@blitzjs/file-pipeline
File Transformation Pipeline
Design goals
- Stages: Related logic needs to live together
- Everything is a stream
- Efficiency
- Parallel processing
- Cleaner Architecture for Dirty restart functionality
- Agnostic input file watcher / glob
- Simplify tests
This package provides a gulp based pipeline for transforming files from a source to a destination across a series of stages.
import {transformFiles} from '@blitzjs/file-pipeline'
import through from 'through2'
import File from 'vinyl'
const myStage = () => ({
stream: through.obj((file:File, _, next) => {
next(null, file)
})
})
const mySecondStage = () => ({
stream: through.obj((file:File, _, next) => {
next(null, file)
})
})
const src = '/path/to/src'
const stages = [
myStage,
mySecondStage
]
const dest = '/path/to/dest'
const options = {
watch:true,
ignore: [],
include: ['**/*']
bus: someTransformStream
}
transformFiles(src, stages, dest, options),
Stages
Stages are how you provide special behaviour to your file-pipeline.
The anatomy of your stage looks like this:
function myStage({
// Stage config holds the basic info you need for the stage
config: {
// src folder
src,
// dest folder
dest,
// current working directory
cwd,
// include globs
include,
// ignore globs
ignore,
// if we are in watch mode
watch,
},
// Input writable stream - use input.write(file) to send a file the input of the pipeline
input,
// Event bus stream - use this to send events to listeners within and outside of the pipeline
bus,
// Get the input cache.
// This is an object that contains cached objects for all the files ingested.
// Use this for things that require lists of files
getInputCache,
}: StageArgs) {
const stream = createSomeKindOfTransformStream()

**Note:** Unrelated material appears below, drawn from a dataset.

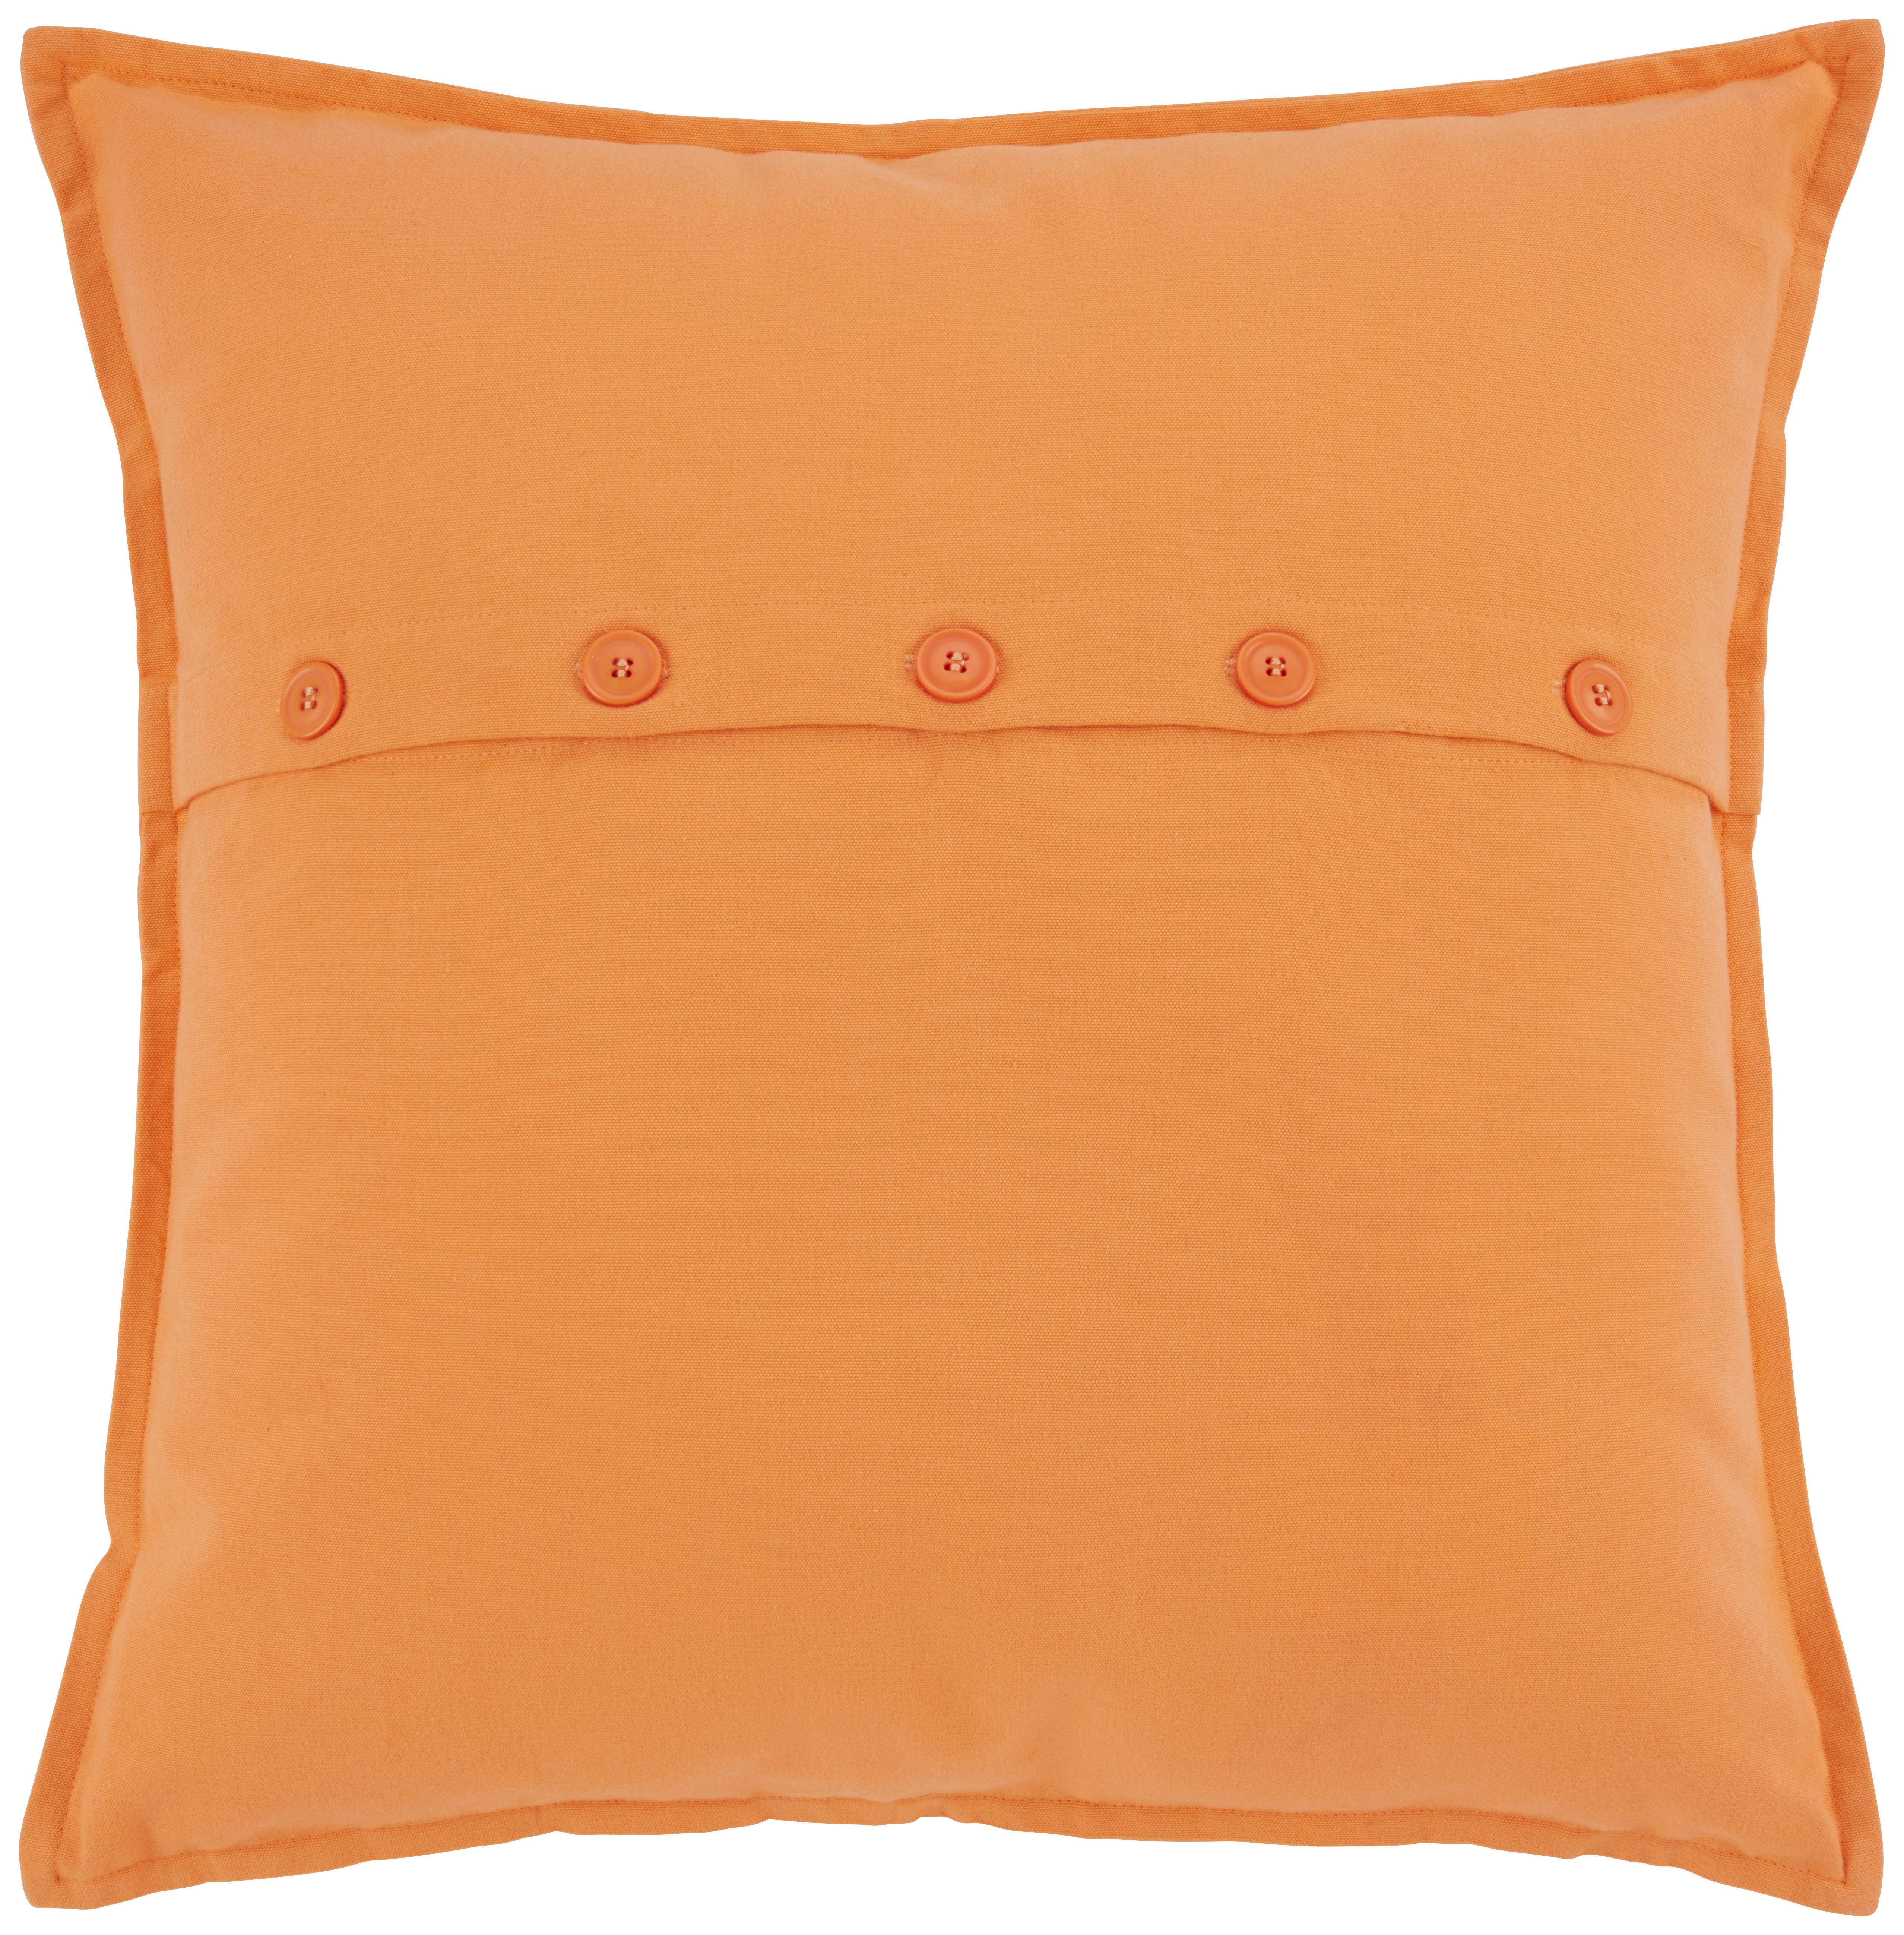 Zierkissen Nora in Orange ca. 50x50cm - Orange, KONVENTIONELL, Textil (50/50cm) - Modern Living

const ready = {foo: "This will appear in the object returned by transformation promise"}
return {stream, ready}
}
Why Streams?
Initially, Blitz will be used by people with small projects however as the number files and throughput increases we will need to use an architecture that allows for large parallel throughput with low memory consumption. Node is built on streams as a primitive so it makes sense to utilize what is available. The Gulp ecosystems provide several tools for managing streams of files so that makes sense to use those tools when available. Because refactoring to streams later would be extremely difficult and painful not starting with streams would be a design mistake.
Why not RxJS?
RxJS could be a good match for streaming architectures and introduces some really powerful tools for managing stream operations. As we are using object streams it would also possibly simplify some of the boilerplate using RxJS. However, certain operators in RxJS can be inapproachable for newer developers and tend to encourage too much abstraction. It is also an extra dependency that increases the learning surface of the codebase and as we are stuck with understanding basic node streams, in any case, it makes sense to avoid RxJS until absolutely necessary.
File Transform Pipeline
Stream helpers
So Node streams are a little incompatible on old versions of Node and there are a few compatibility libs we are using to help us work with streams.
https://www.freecodecamp.org/news/rxjs-and-node-8f4e0acebc7c/
Helper Libs
A good way to work with streams
A pattern we have found that works well is using a constructor function to accept connectors and return a stream as well as any shared data you need to provide to other components connectors. You will see this a lot around the synchronizer.
type CreatorFn = ConnectionsOrConfig => StreamAsWellAsSharedData
An example might look like this:
const source = agnosticSource({cwd: src, include, ignore, watch})
pipe(source.stream, fileTransformPipeline)
The reason we don't just return a stream is that often we need to return other data and share it elsewhere, for example, to analyze input file structure in the pages rule we use a file cache.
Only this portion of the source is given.